We did some browsing from stall to stall and just generally admired the square. Also in the square and in front of the theatre is Anna's Fountain, a replica of a famous prewar monument to the German poet Simon Dach (1605-1659), which depicts the heroine of his folksong Ännchen von Tharau. It was about Anna Neander, born in 1619 to a village minister in Tharau. Dach was apparently smitten with her beauty and wrote the 17-verse poem as a wedding present to her.

    

From there it was a short walk over to the canal where we stopped by the Memelis Restaurant for a litre or two of beer. On the recommendation of our waitress, Lee and I ordered black beer, which was surprisingly sweet and quite tasty.

    
  

After our beer stop, we wandered on down the canal towards the Meridianas, a permanently moored wooden 3-masted sailing vessel, which was built by the Finns for their naval navigation school in 1948. Restored, the ship is now owned by a lawyer who turned it into a restaurant. You can't miss it with its yellow sails advertising the local Svyturys beer company.

    

In the adjacent square, there was a small crafts fair with more amber for sale and a lot of carved, chiseled and lathe-turned wood products being offered. After Laverne had negotiated a hot deal on a warm blanket festooned with moose, we continued on our way.

Our destination was Jonas Hill, a fragment of Klaipeda's fortification system. The fort consisted of a low hill surrounded by a narrow moat. If this was the best the Klaipedaites could do for protection in days gone by, it wasn't hard to see why they were successfully invaded so many times in the past.

  

We then walked back towards Old Town through a couple of streets whose buildings are in the process of being restored. Along our way we found a small square with a sculpture entitled "Sights of the City". What it consisted of was a small brass building with dragon figures on top. After a short photo stop, we continued on.

Arriving back in the Theatre Square and its market I made my best purchase of the cruise, an intricately hand-carved walking stick encrusted with pieces of amber. It was so unique it invited lots of envious comments from people we passed throughout the rest of the trip. We purchased a couple of other pieces of amber as well. Then it was time to make our way back to the ship.

Again, we had done a lot of walking by the time we reboarded the Century so it was time for a little R&R. Had a bit of lunch with Laverne and Bert then it was up to our cabin for a snooze before our scheduled departure at six o'clock. Woke up just before six and watched our departure from our veranda.

      

As the ship cleared the seaport channel, we had a great view of the K&D Towers to starboard and the Curonian Spit off our port side. The K & D Towers are new 70 metre (228 ft) tall skyscrapers which were completed in 2006. Dominating Klaipeda's skyline the 20 storey buildings represent the letters K and D and house both offices and apartments. The K building includes a cafe with an observation deck.

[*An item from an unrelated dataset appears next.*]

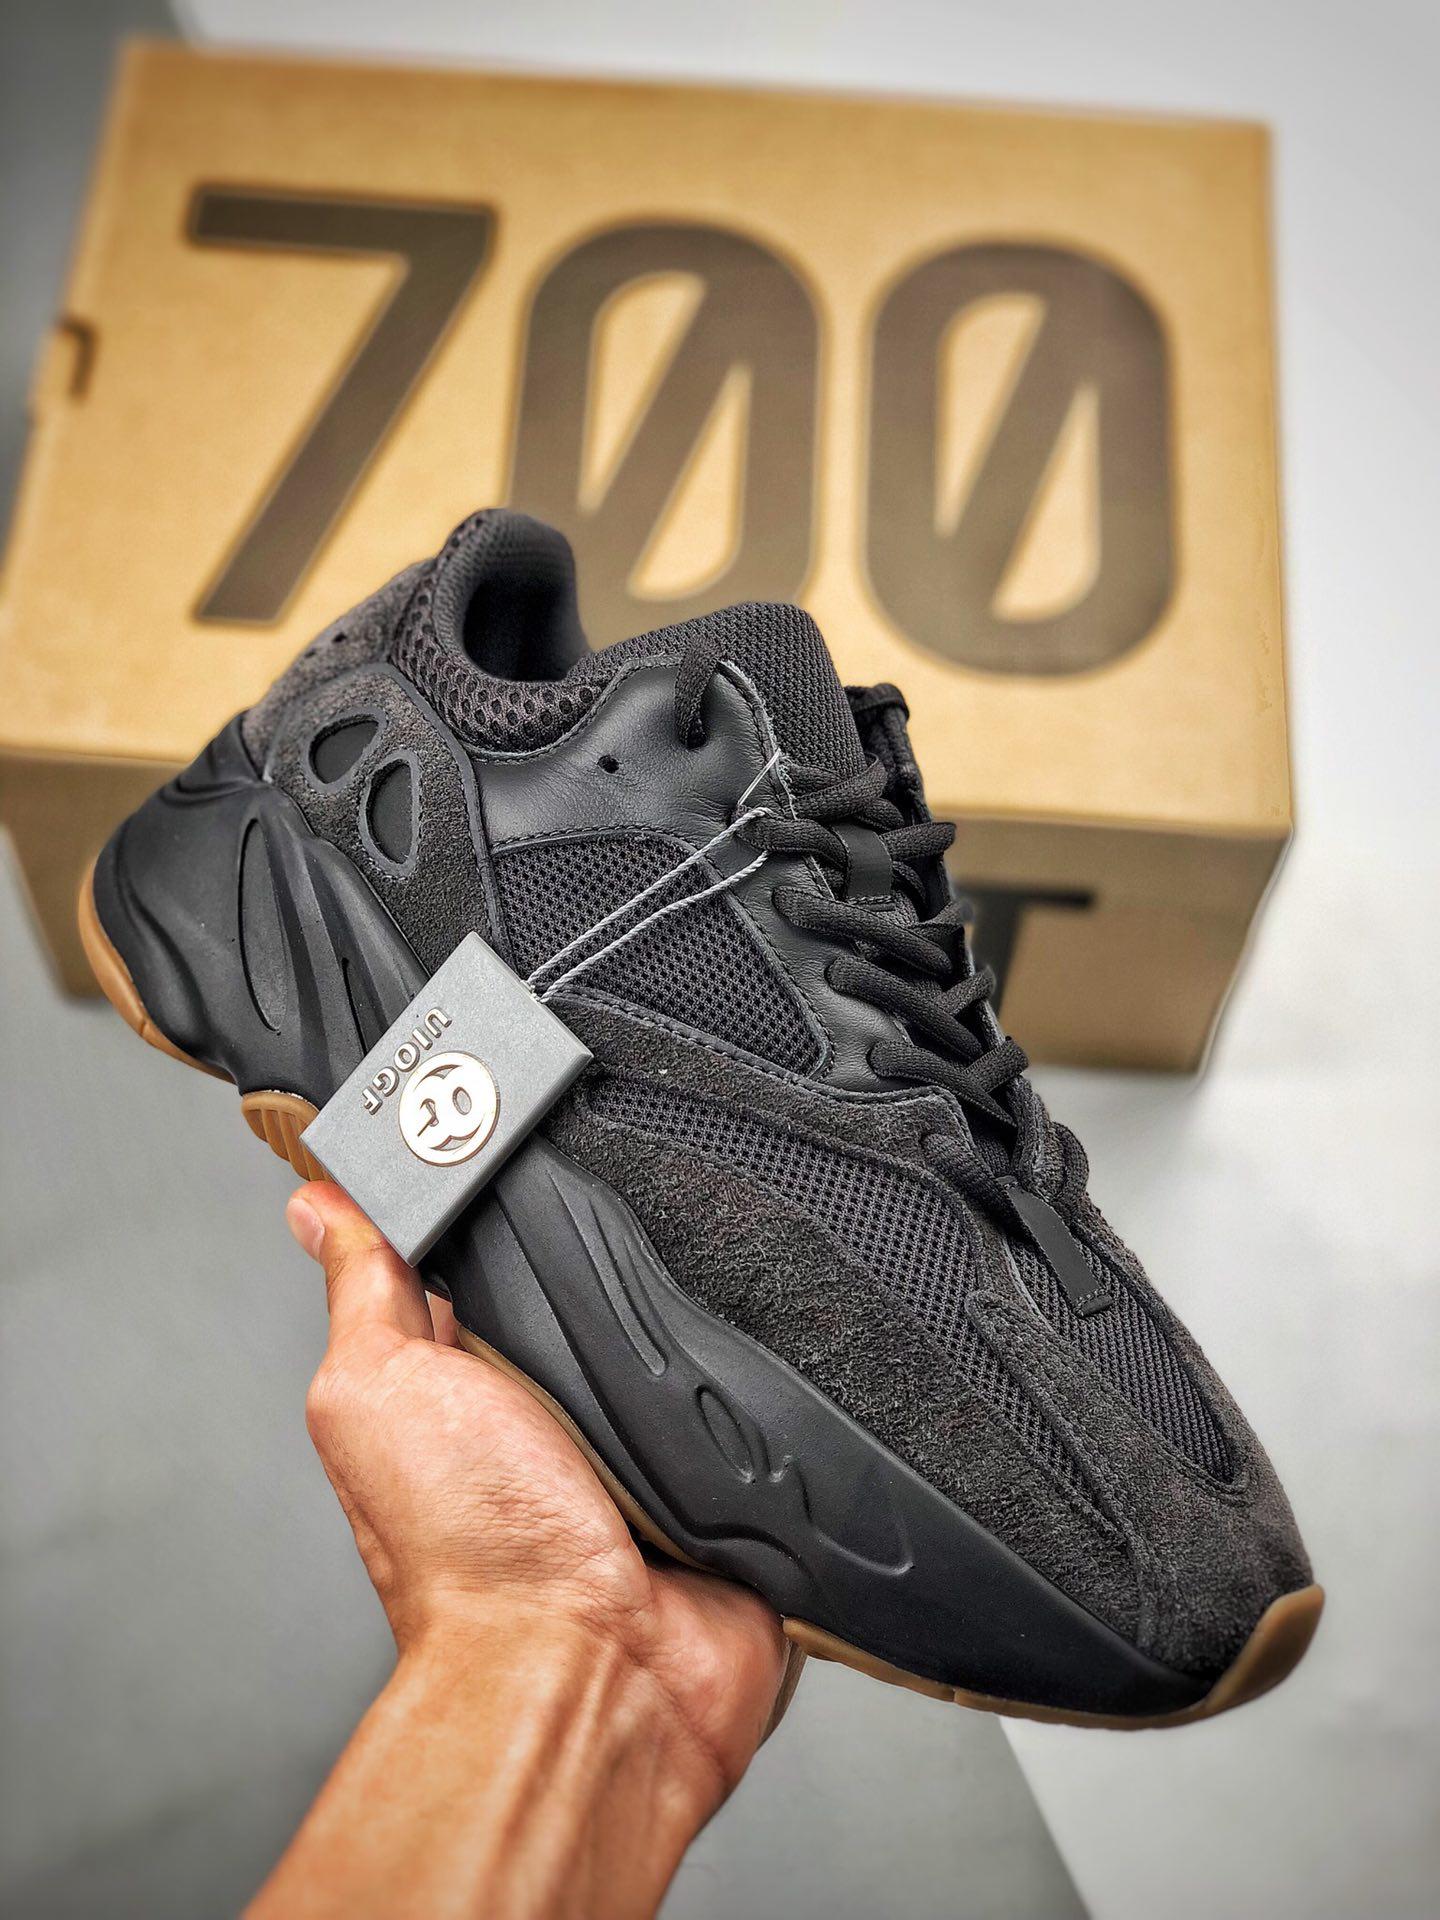 adidas Yeezy Boost 700 “Utility Black” FV5304 For Sale – Sneaker Hello

The Curonian Spit is a long narrow strip of sand dunes 97 kilometers long separating most of the Baltic shoreline from the open sea and creating a body of water known as the Curonian Lagoon. The Spit is on the UNESCO Heritage list due to its unique bird nesting sites and the "Great Dune" which stands 52 metres (169 ft) in height.

    

Our departure was quite uneventful even though the wind was up and the sea had a high chop. Watching the pilot boats plunging up and down in our wake gave us a pretty good idea of how rough the sea really was once we cleared the breakwater.

  

Again, we met our cruise buddies for a casual dinner in the dining room, then it was down to the theatre for an hour of Nick Lewin, a very funny magician and comedian. After the show was done, we went back to our stateroom and it was off to bed at 1 a.m.